10. Just one thing TPH... I don't know about the American and English schools, but here in SA we don't do partitions and the combinatorics formula in school. So that's a completely unknown section of mathematics for someone like me. I'll probably only do those things next year when I get to university.

But thanks for the elementary probs, they're cool

11. Originally Posted by janvdl
Just one thing TPH... I don't know about the American and English schools, but here in SA we don't do partitions and the combinatorics formula in school. So that's a completely unknown section of mathematics for someone like me. I'll probably only do those things next year when I get to university.
That is a such a bad excuse. If you really like math you do it on your own. And you learn stuff by yourself not taught in school.

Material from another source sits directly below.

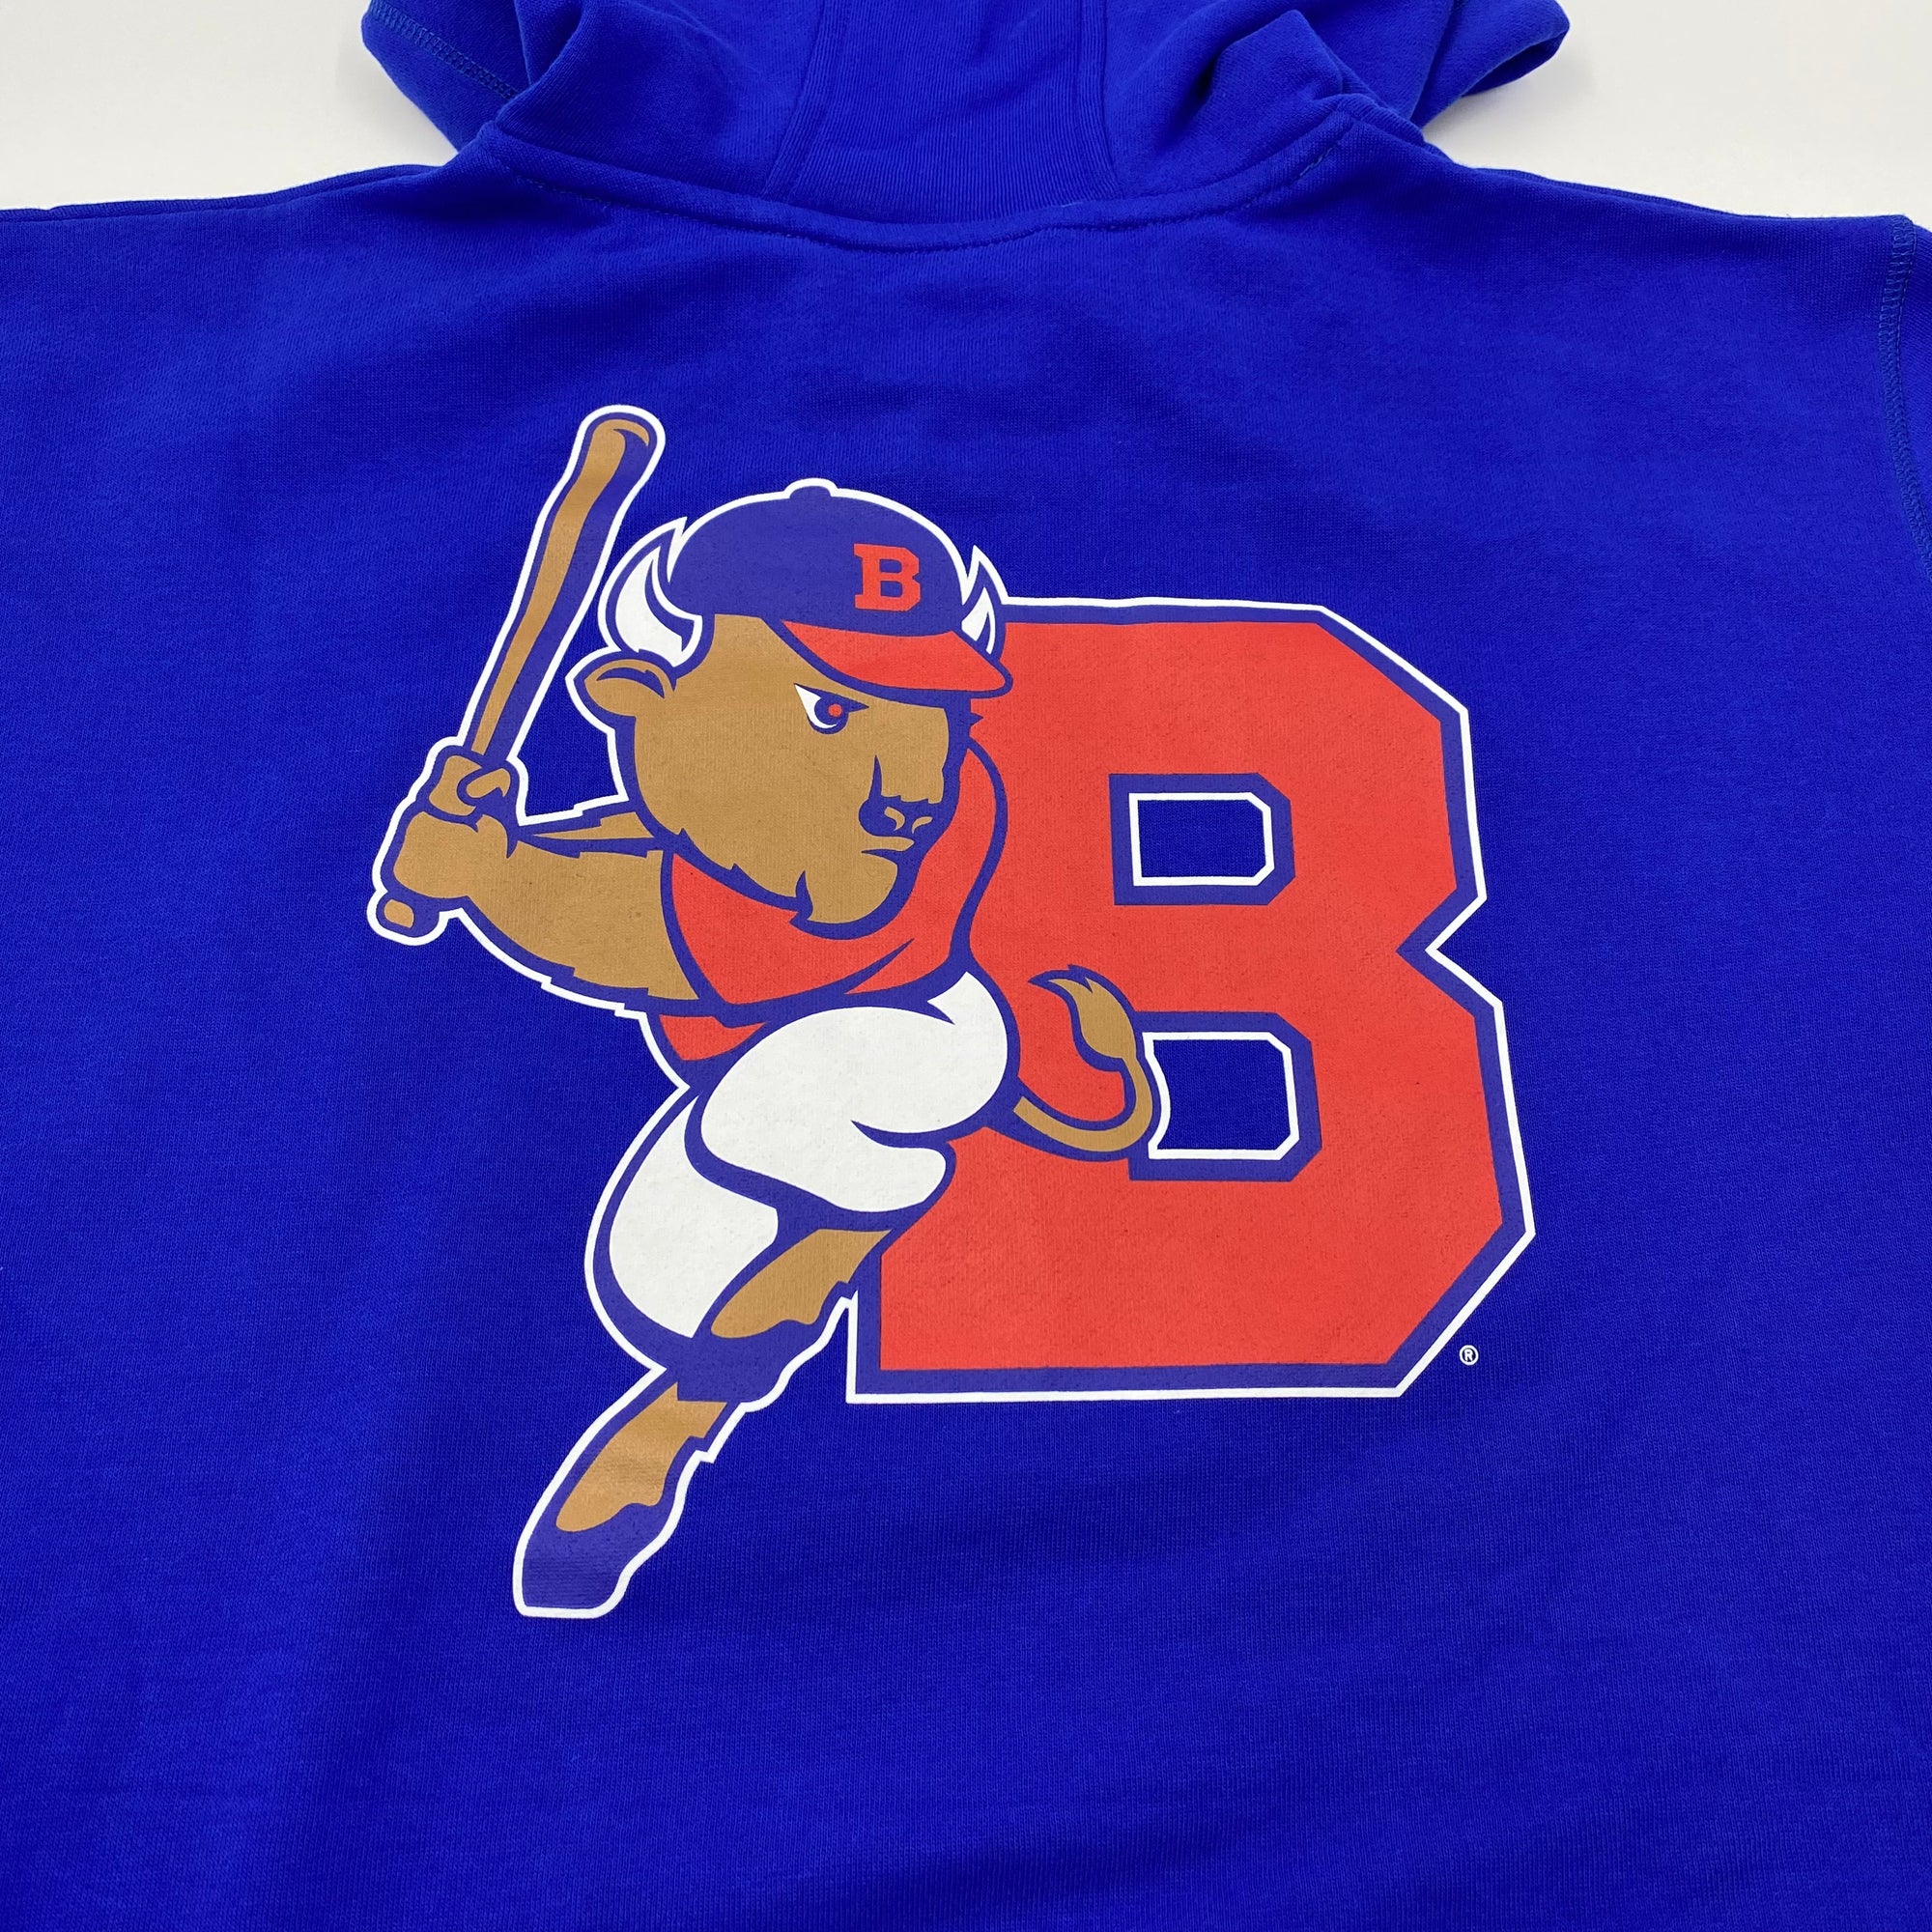 New Era Buffalo Bisons Blue Pullover Hoodie
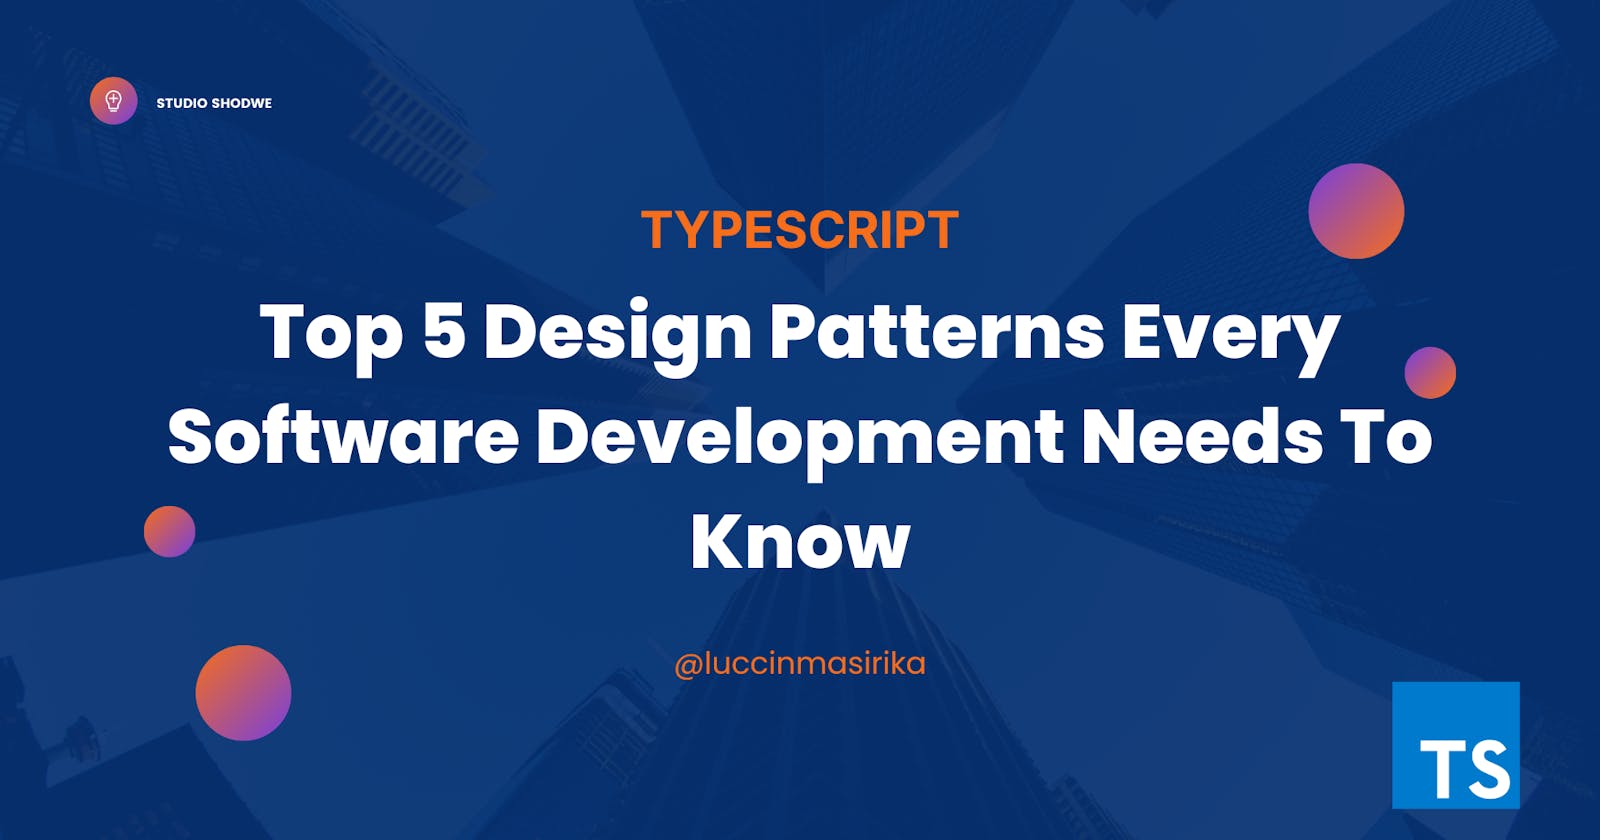 Top 5 Design Patterns Every Software Development Company Needs To Know

12. Originally Posted by ThePerfectHacker
That is a such a bad excuse. If you really like math you do it on your own. And you learn stuff by yourself not taught in school.
Look I would have studied it if i had the time... I write my finals in two weeks...

There's no time for doing unnecessary work at this time.

13. I would have to agree with TPH on this. I have found that most of the mathematics I have actually learned has been from outside the classroom even at college. If you are truly interested in something you would want to go beyond what the class covers and try to obtain a deeper understanding.
Also you tend to retain the information better if you had to go out on your own and "discover" it.

14. Originally Posted by putnam120
If you are truly interested in something you would want to go beyond what the class covers and try to obtain a deeper understanding...
I've done that with Calculus, but I DONT have the time to go deeper into anything now.

I'm two weeks away from writing the most important exam of my life.